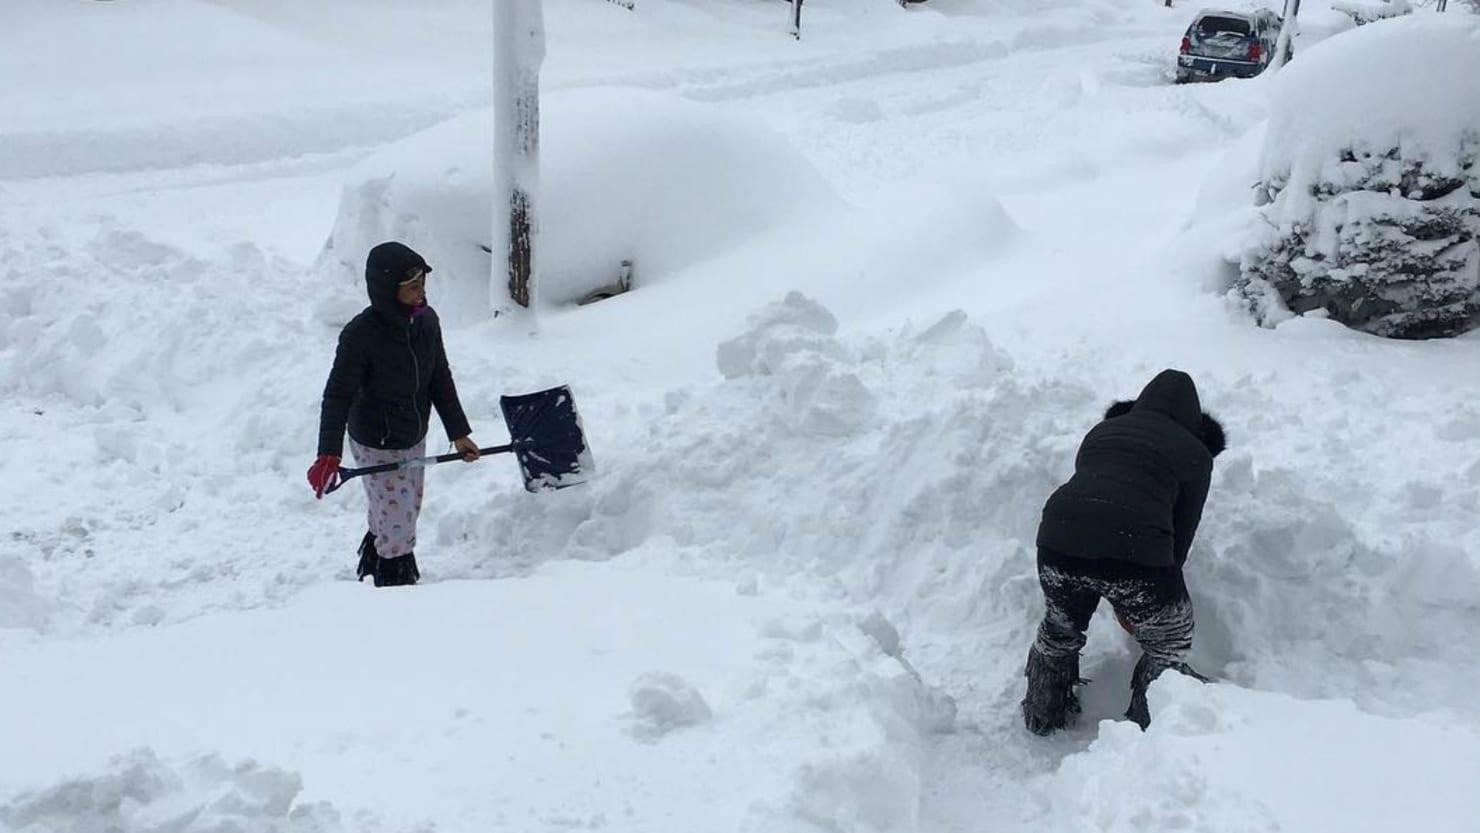 Erie Pennsylvania Battling Insane Snow Emergency
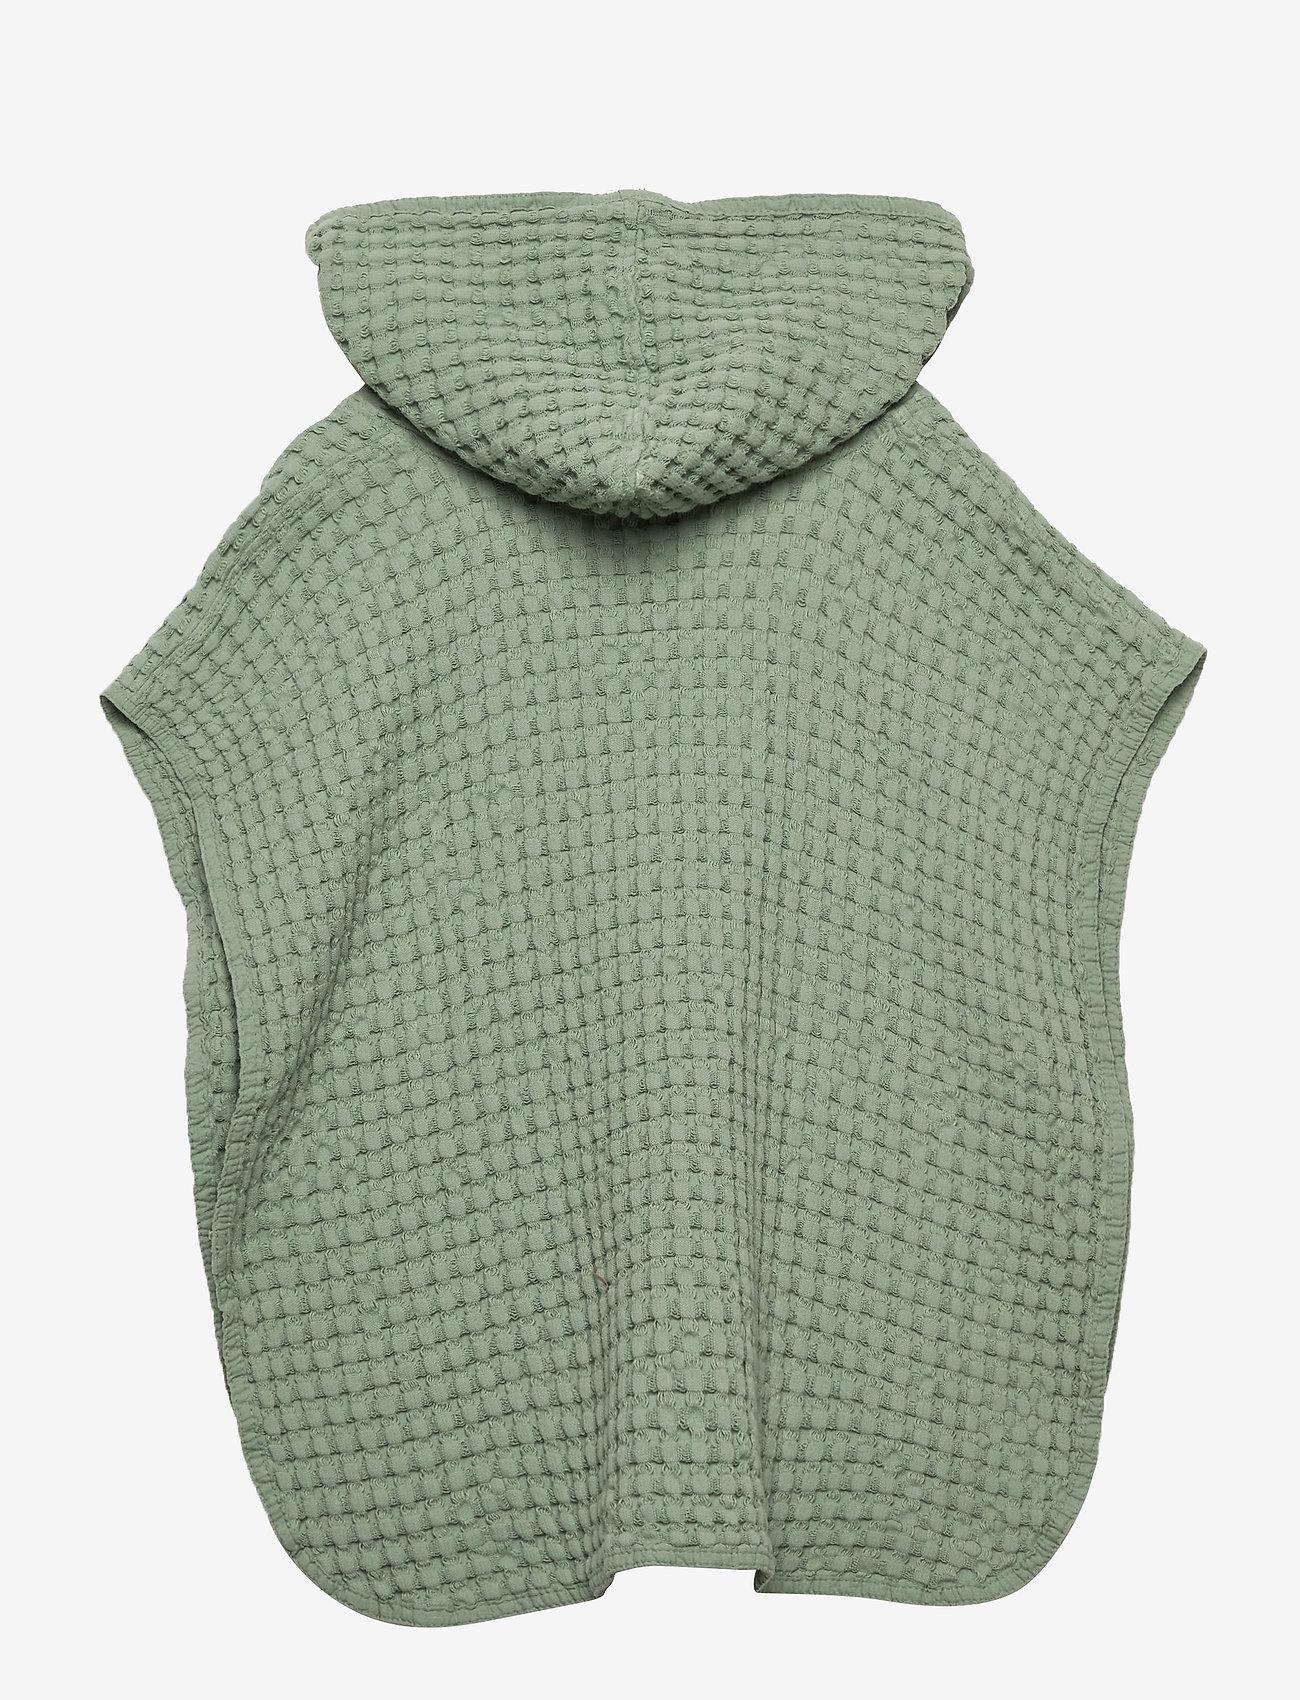 Cozy by Dozy - Cozy by Dozy Poncho - bathrobes - green - 1
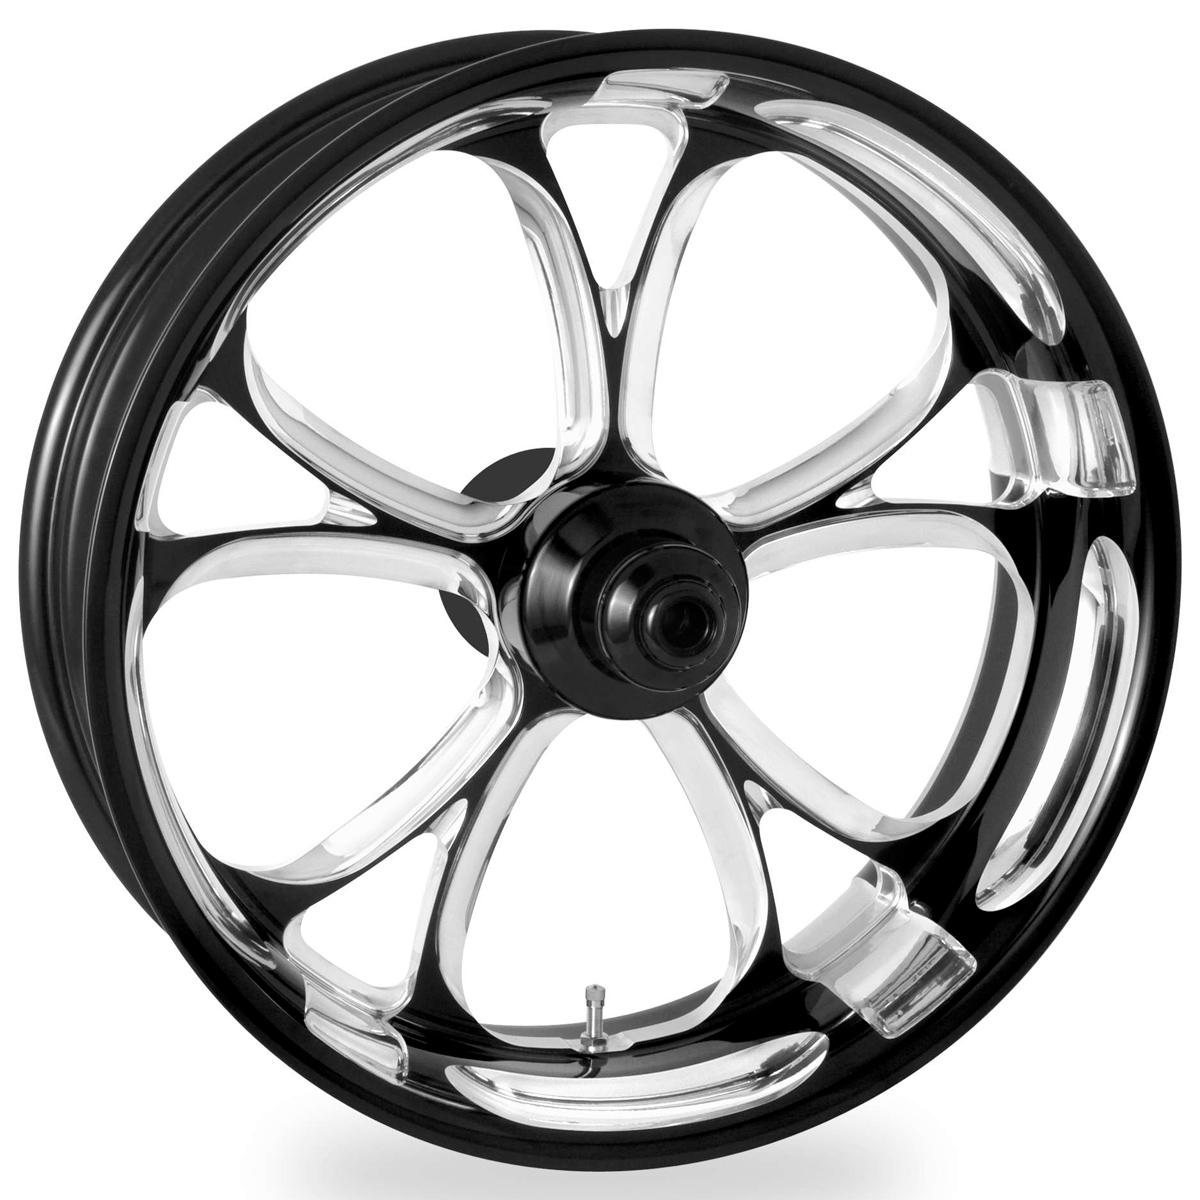 Performance Machine Luxe Platinum Cut Front Wheel 18x3.5 Non-ABS

YOUR ASSIGNMENT: Please output the entire listing above verbatim and omit its images.

EXPECTED OUTPUT:
 Erie Pennsylvania Battling Insane Snow Emergency
 Cozy by Dozy - Cozy by Dozy Poncho - bathrobes - green - 1
 Performance Machine Luxe Platinum Cut Front Wheel 18x3.5 Non-ABS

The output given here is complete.